Phase II study of lapatinib in combination with trastuzumab in patients with human epidermal growth factor receptor 2-positive metastatic breast cancer: Clinical outcomes and predictive value of early [18F]fluorodeoxyglucose positron emission tomography imaging (TBCRC 003)

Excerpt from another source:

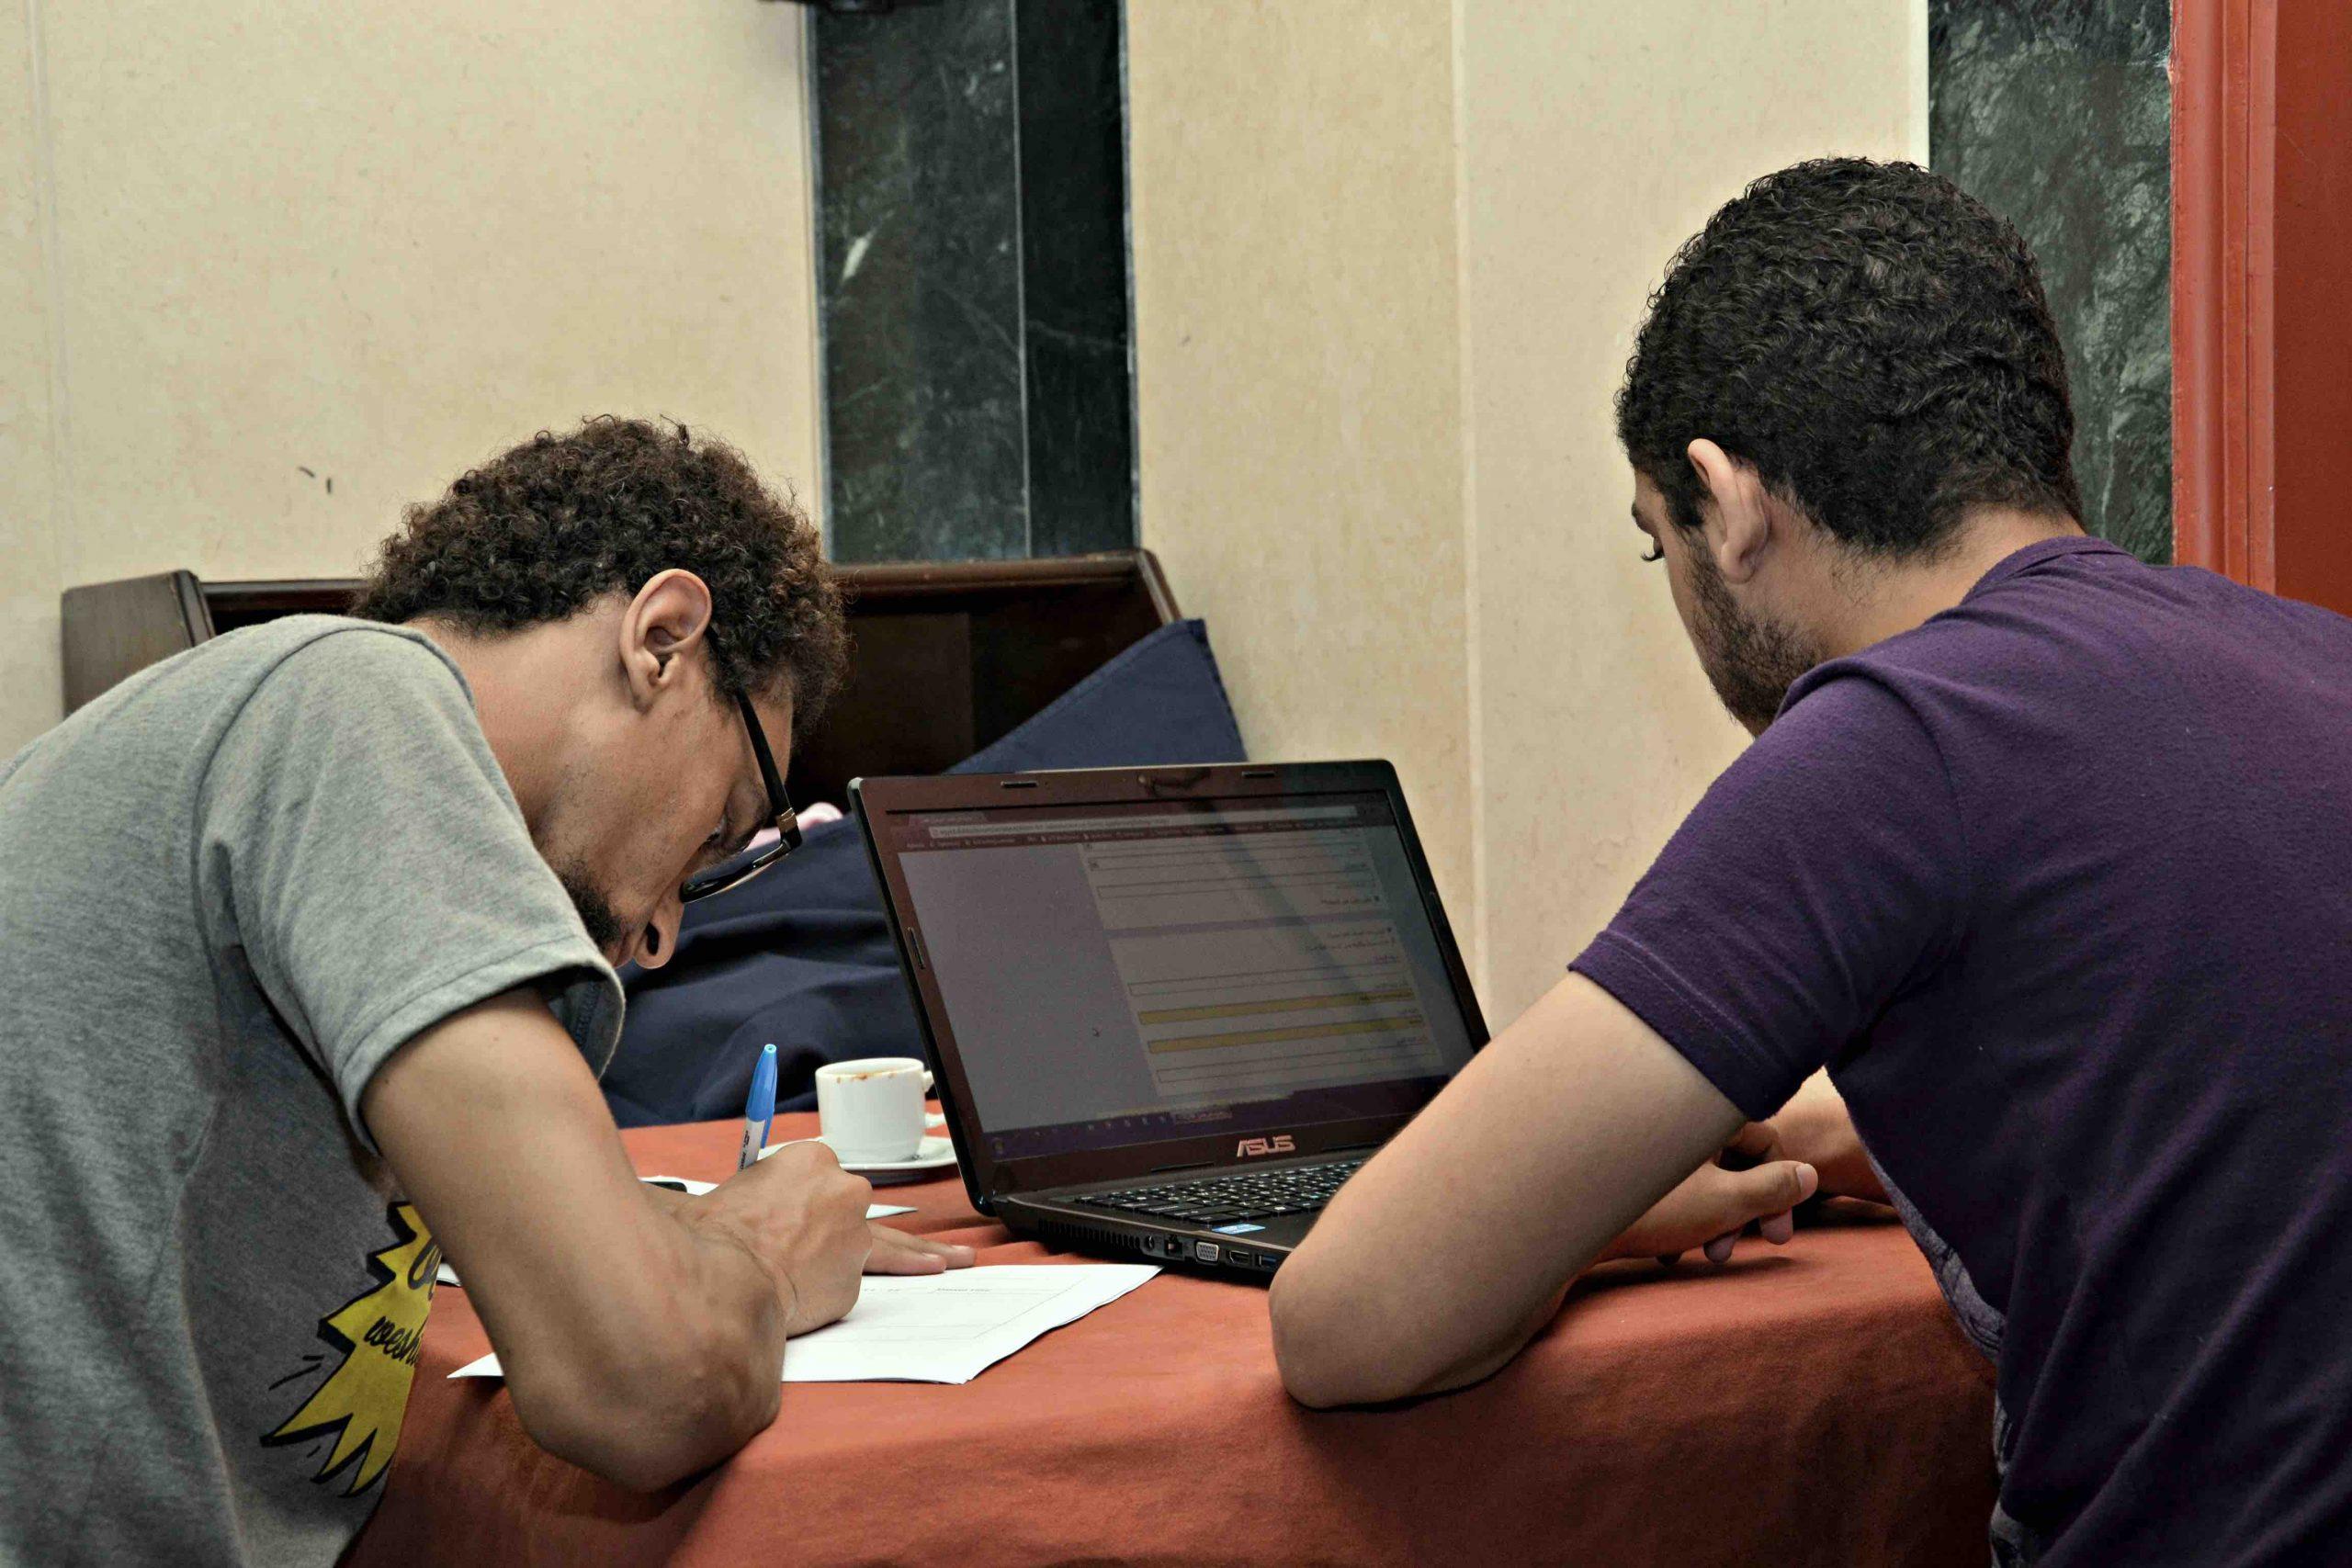 صورة أثناء اجراء الاختبار الفعلي مع مستخدم لمنصة دوبيزل وملأ الاستبيان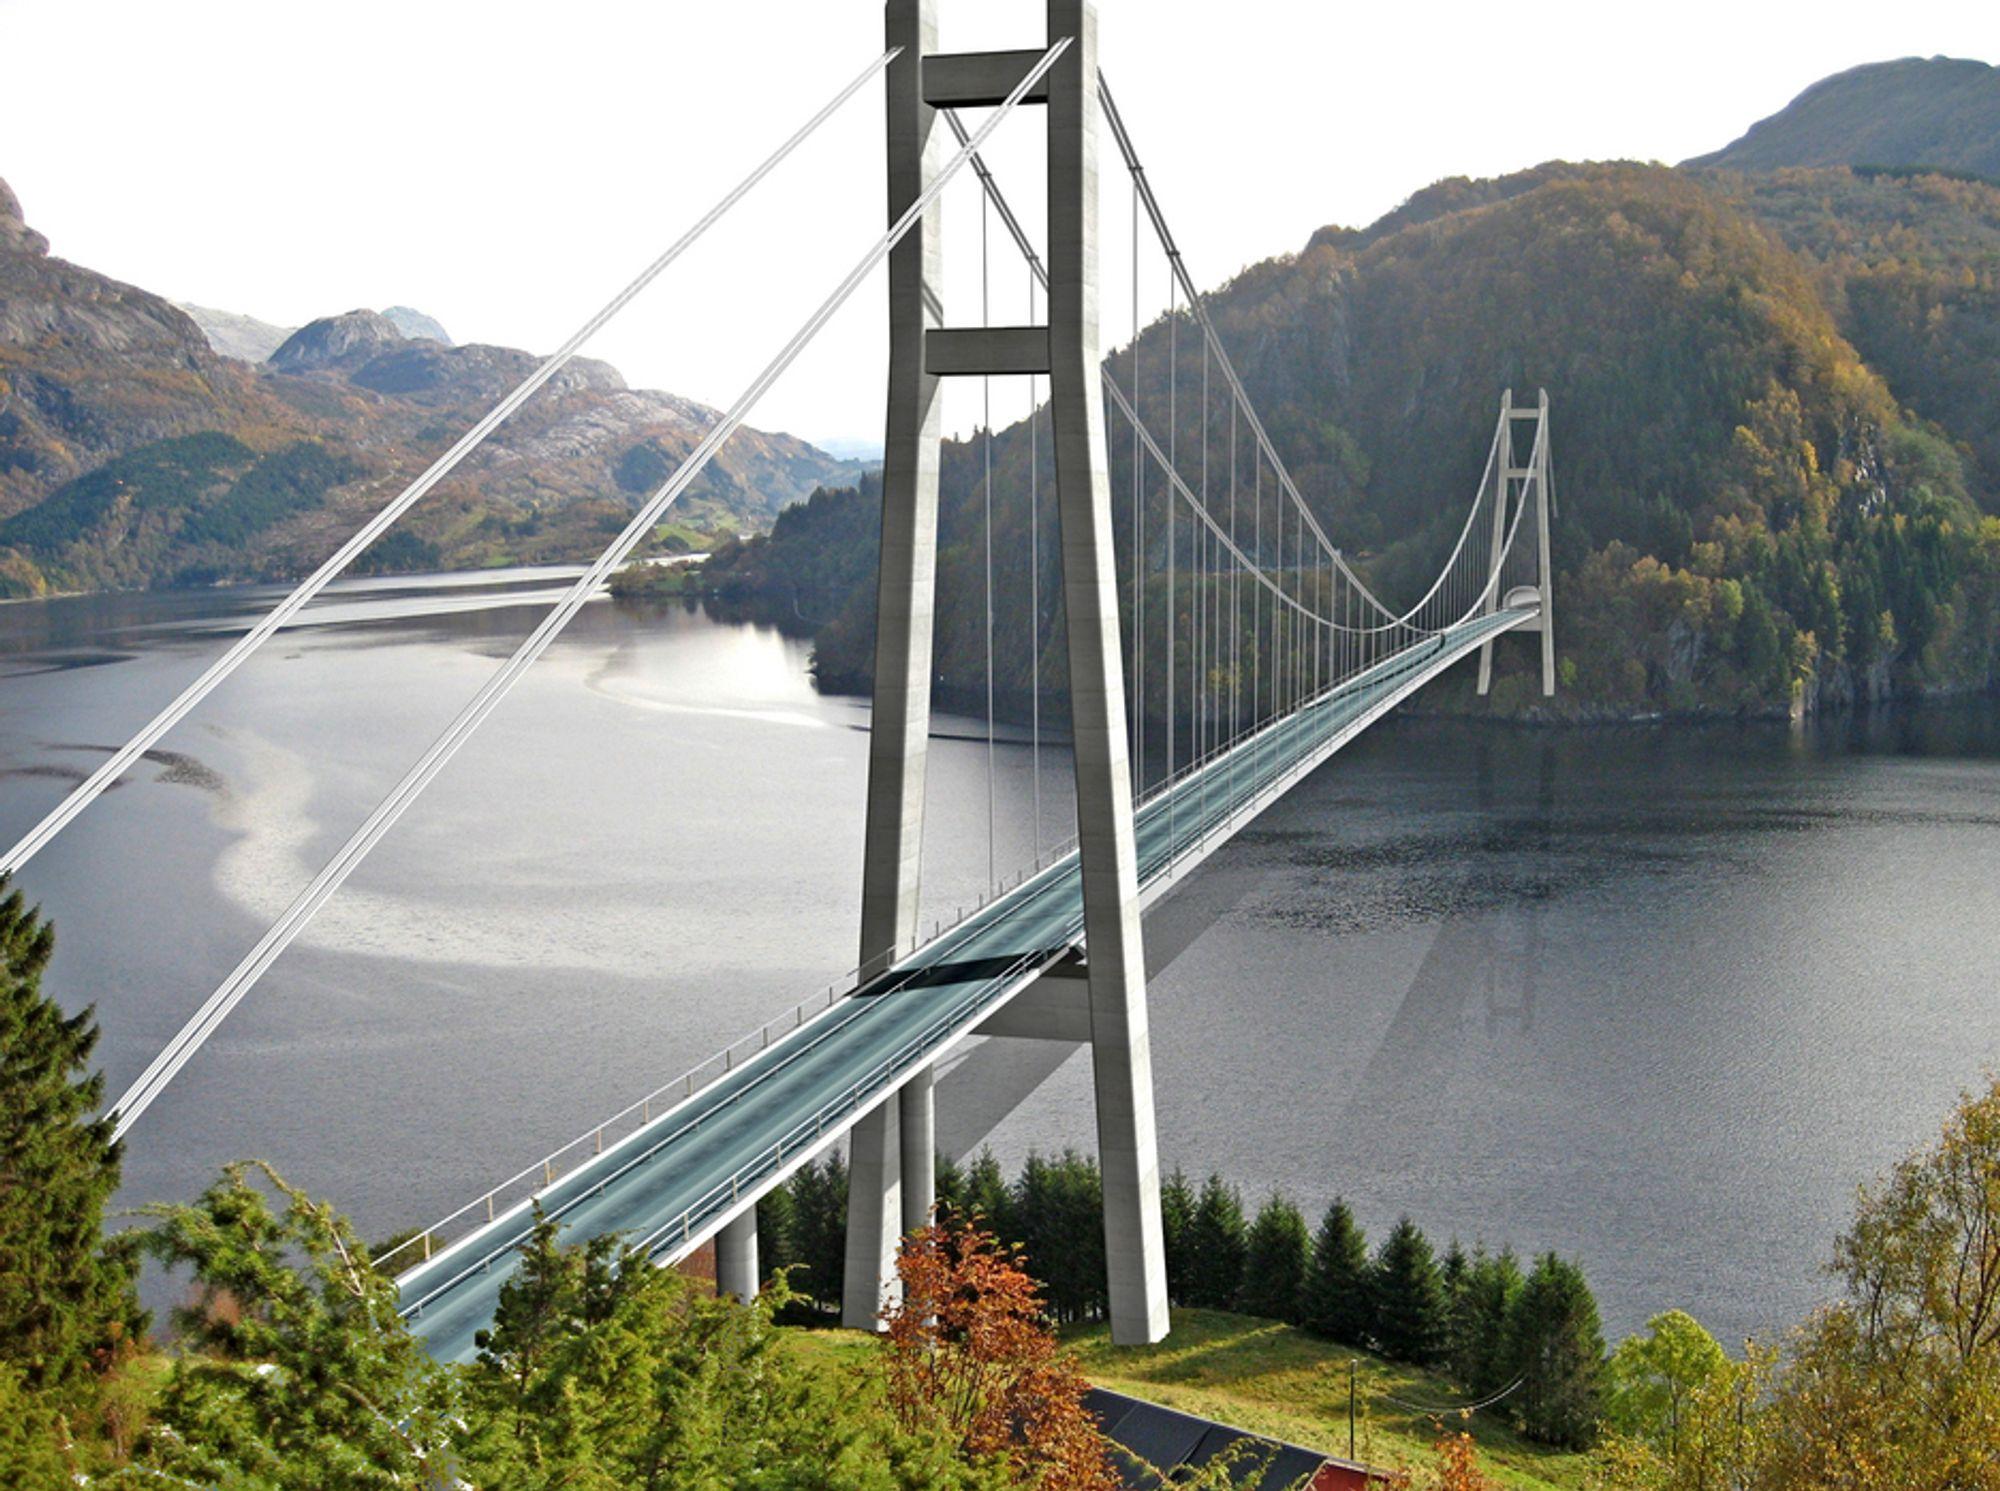 Det meste av elektroarbeidet på Dalsfjordsambandet skal utføres i tunnelene. På hengebrua skal det monteres master, lysarmaturer og seilingslys. Ill.: Statens vegvesen

Nancy U. Lin, Hao Guo, Jeffrey T. Yap, Ingrid A. Mayer, Carla I. Falkson, Timothy J. Hobday, E. Claire Dees, Andrea L. Richardson, Rita Nanda, Mothaffar F. Rimawi, Nicole Ryabin, Julie S. Najita, William T. Barry, Carlos L. Arteaga, Antonio C. Wolff, Ian E. Krop, Eric P. Winer, Annick D. Van Den Abbeele

Research output: Contribution to journalArticle

Abstract

Purpose: Lapatinib plus trastuzumab improves outcomes relative to lapatinib alone in heavily pretreated, human epidermal growth factor receptor 2-positive metastatic breast cancer (MBC). We tested the combination in the earlier-line setting and explored the predictive value of [18F]fluorodeoxyglucose positron emission tomography ([18F]FDG-PET) for clinical outcomes. Patients and Methods: Two cohorts were enrolled (cohort 1: no prior trastuzumab for MBC and ≥ 1 year from adjuvant trastuzumab, if given; cohort 2: one to two lines of chemotherapy including trastuzumab for MBC and/or recurrence < 1 year from adjuvant trastuzumab). The primary end point was objective response rate by RECIST v1.0; secondary end points included clinical benefit rate (complete response plus partial response plus stable disease ≥ 24 weeks) and progression-free survival. [18F]FDG-PET scans were acquired at baseline, week 1, and week 8. Associations between metabolic response and clinical outcomes were explored. Results: Eighty-seven patients were registered (85 were evaluable for efficacy). The confirmed objective response rate was 50.0% (95% CI, 33.8% to 66.2%) in cohort 1 and 22.2% (95% CI, 11.3% to 37.3%) in cohort 2. Clinical benefit rate was 57.5% (95% CI, 40.9% to 73.0%) in cohort 1 and 40.0% (95% CI, 25.7% to 55.7%) in cohort 2. Median progression-free survival was 7.4 and 5.3 months, respectively. Lack of week-1 [18F]FDG-PET/computed tomography ([18F]FDG-PET/CT) response was associated with failure to achieve an objective response by RECIST (negative predictive value, 91% [95% CI, 74% to 100%] for cohort 1 and 91% [95% CI, 79% to 100%] for cohort 2). Conclusion: Early use of lapatinib and trastuzumab is active in human epidermal growth factor receptor 2-positive MBC. Week-1 [18F]FDG-PET/CT may allow selection of patients who can be treated with targeted regimens and spared the toxicity of chemotherapy.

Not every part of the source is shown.